RALEIGH — North Carolina is joining other states as lawmakers consider spending state money to help verify addresses ahead of the 2020 U.S. Census, said Todd Graham, chair of the Census State Data Centers network, which polled states last year on their readiness for the count.
Amid fears that a lack of money will prevent an accurate count, states are gearing up to identify the people the 2020 count is most likely to miss. Residents of isolated rural areas, immigrants and people who just don’t trust the government are among those who tend to be undercounted in the decennial census. The apportionment of U.S. House seats and nearly $590 billion in annual federal funding depend on the count, so state and local officials have a keen interest in making sure their residents don’t fall through the cracks.
The current task for state and local officials is to verify the Census Bureau’s residential address list: Starting in February, the bureau will turn over address lists to states and local governments for double-checking that must be finished within 120 days.
Federal census takers, paid with federal money, are the only authorized counters, so states and localities will have a limited role once the actual counting begins in 2020. However, for the first time, people will be able to fill out census forms online, and state and local officials can help boost response rates by providing internet access, at libraries and other sites, to people who don’t have it at home.
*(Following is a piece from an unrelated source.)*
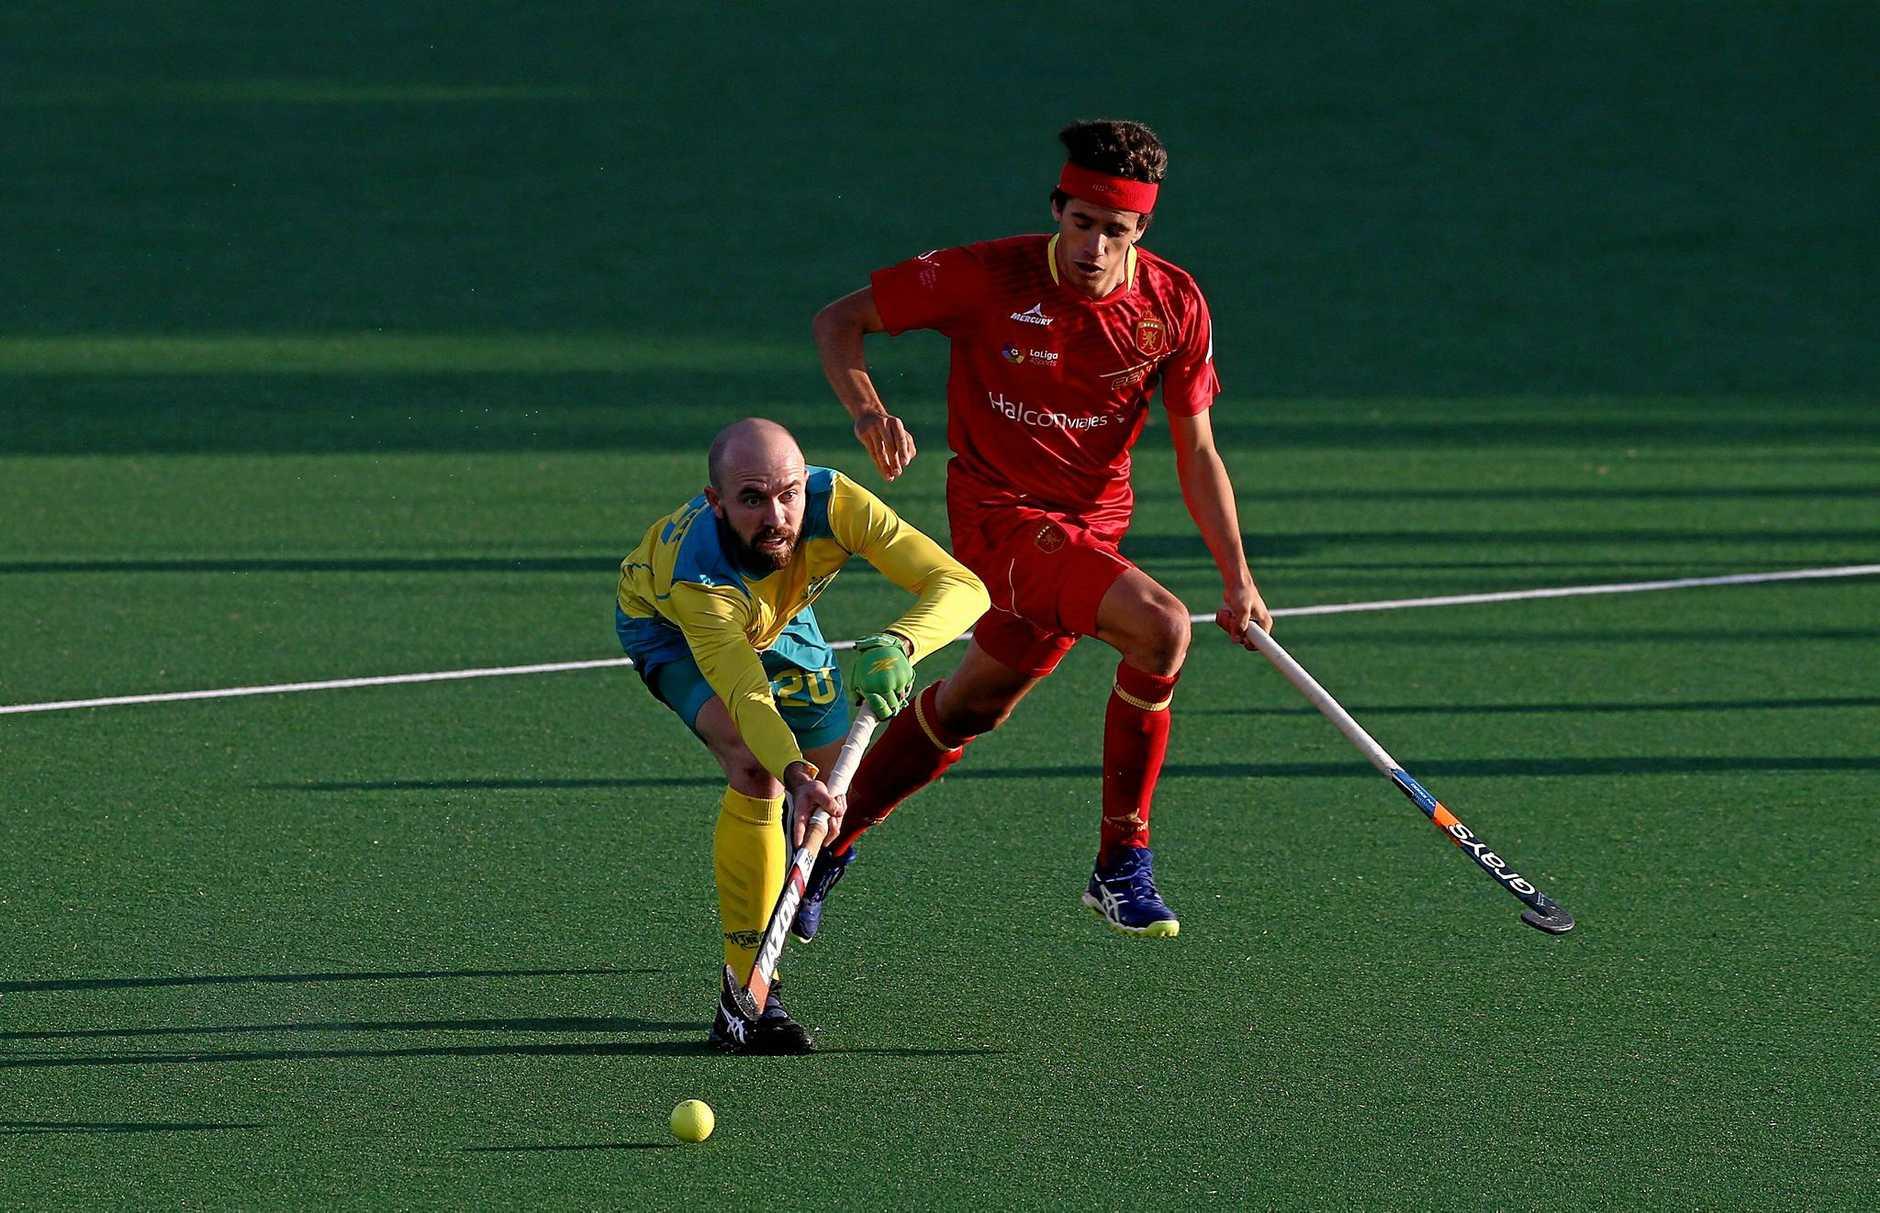 Matthew Swann of Australia passes the ball at the World League Semi-Finals in Johannesburg.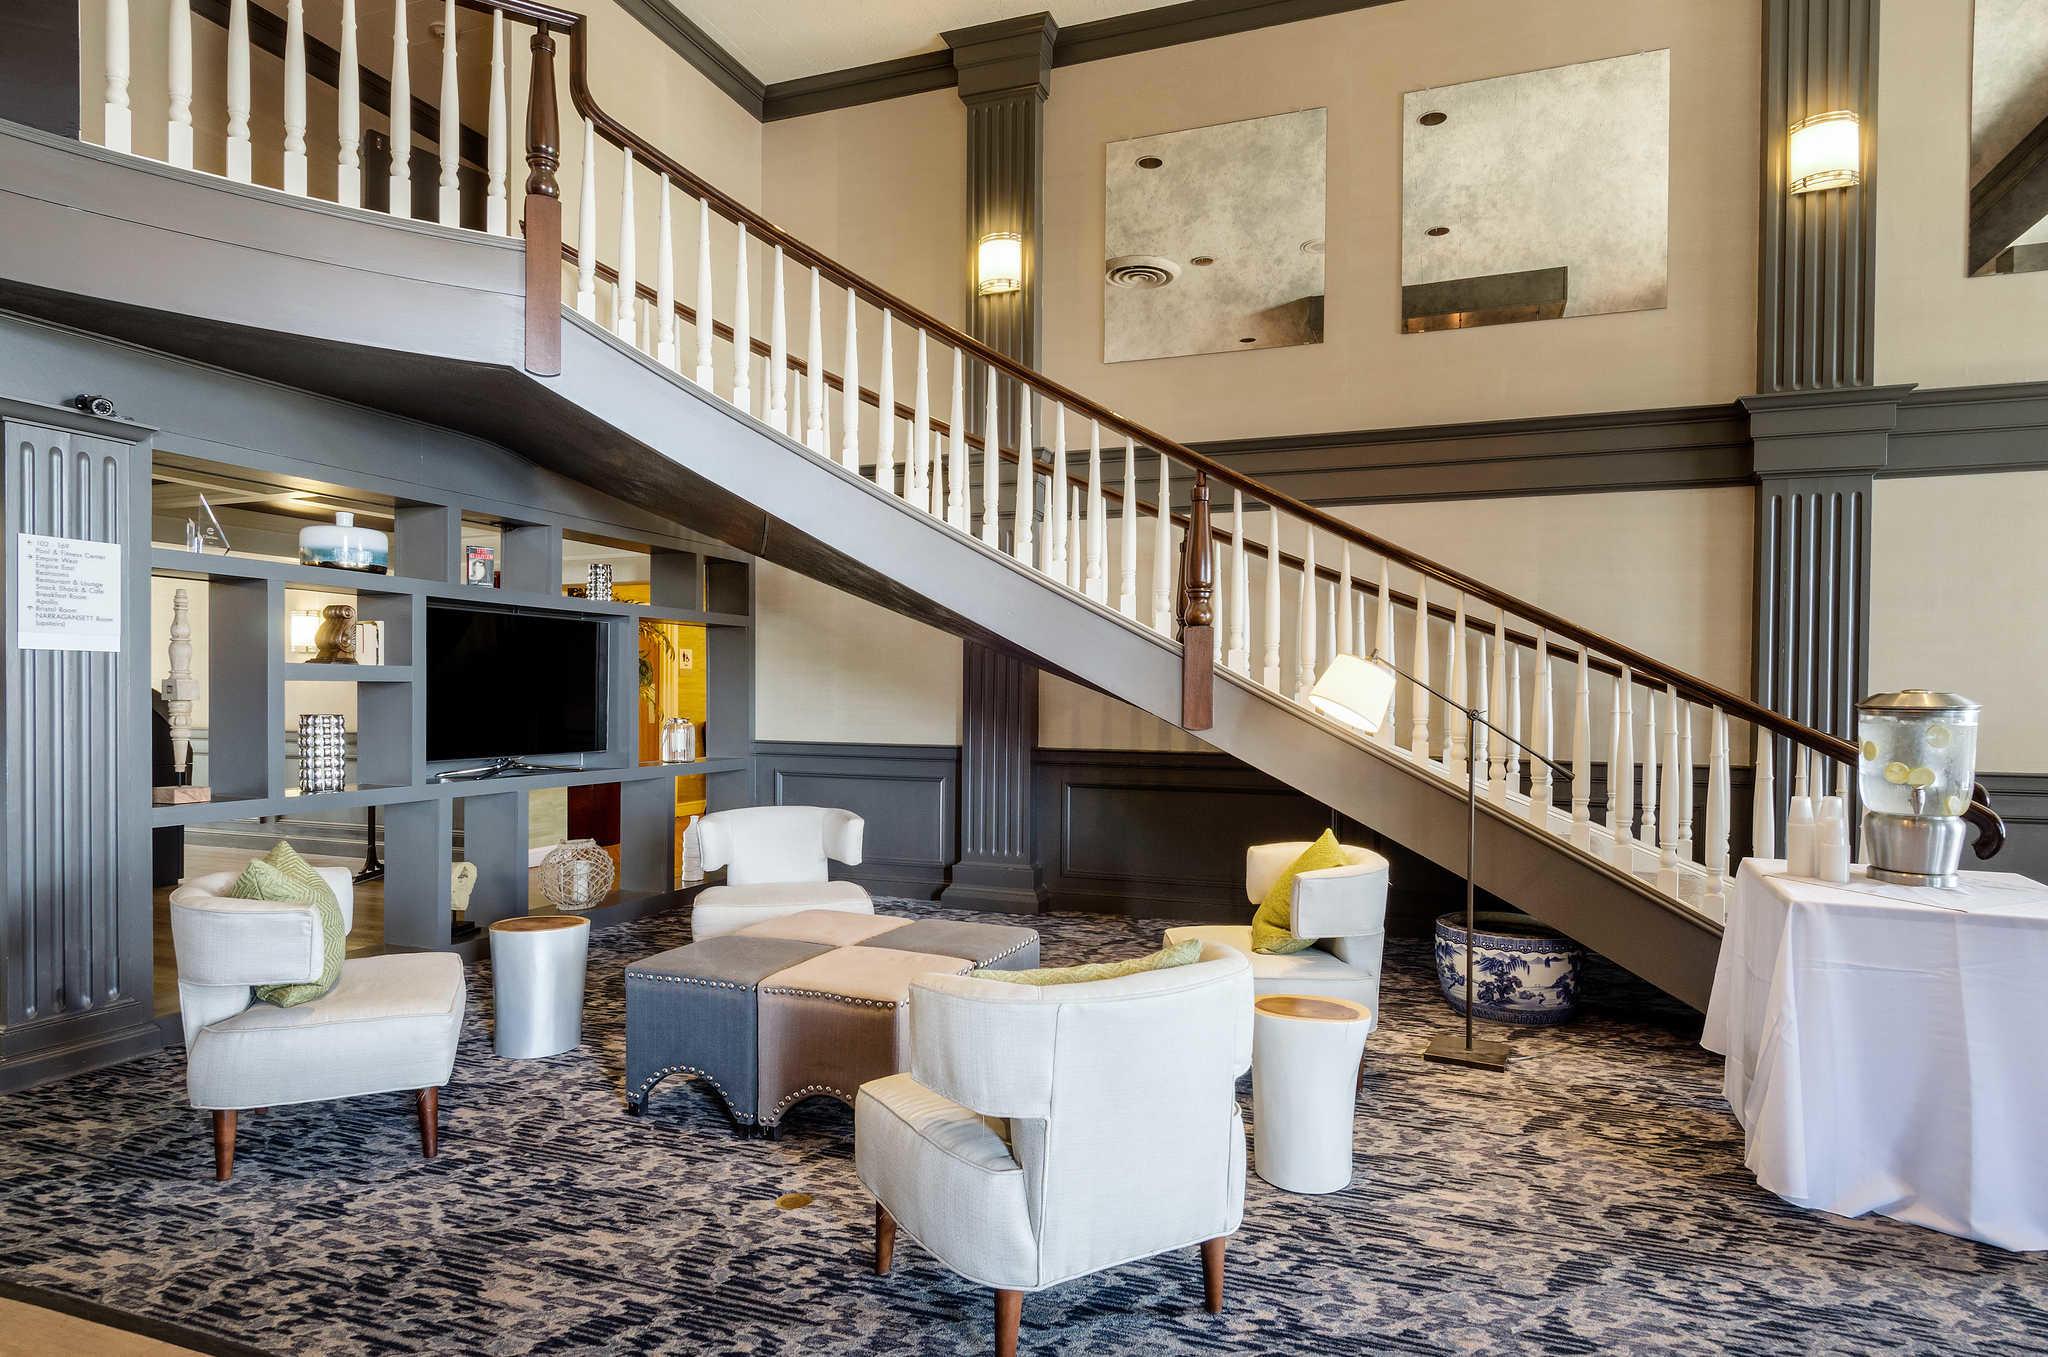 Clarion Inn Seekonk - Providence image 4

While Census officials have requested a record $15.6 billion to conduct the count, they hope that the shift to online responses and new strategies such as using aerial photography to inspect new housing developments will save money. But the changes are untested.
“This will be the first high-tech census,” said Terri Ann Lowenthal, former staff director of the U.S. House panel that oversees the census. “Nobody’s arguing with the need to automate in this day and age. There will be new economies of scale but there will be new risks as well.”
Robert Rhatigan, associate director of Geospatial and Population Studies at the University of New Mexico, said the financial uncertainty means states will have to pick up some of the slack. Republican Gov. Susana Martinez tapped Rhatigan to lead the address checks in New Mexico.
“What we’re realizing now with these new funding concerns is that we need to do more,” he said. “We can’t depend on the federal government to do everything it did in the past.”
Other states are also allocating money to support the double-checking of census records, including Massachusetts and Minnesota, which have each set aside $190,000, and Michigan has devoted two full-time jobs to its effort.
In New York, where state lawmakers have not allocated any money for address checks, Cornell University’s Program on Applied Demographics has set up a computer system called NYBBLES to enable local officials to compare census address lists to a variety of state data and imagery.
Pew Research Center contributed to this report.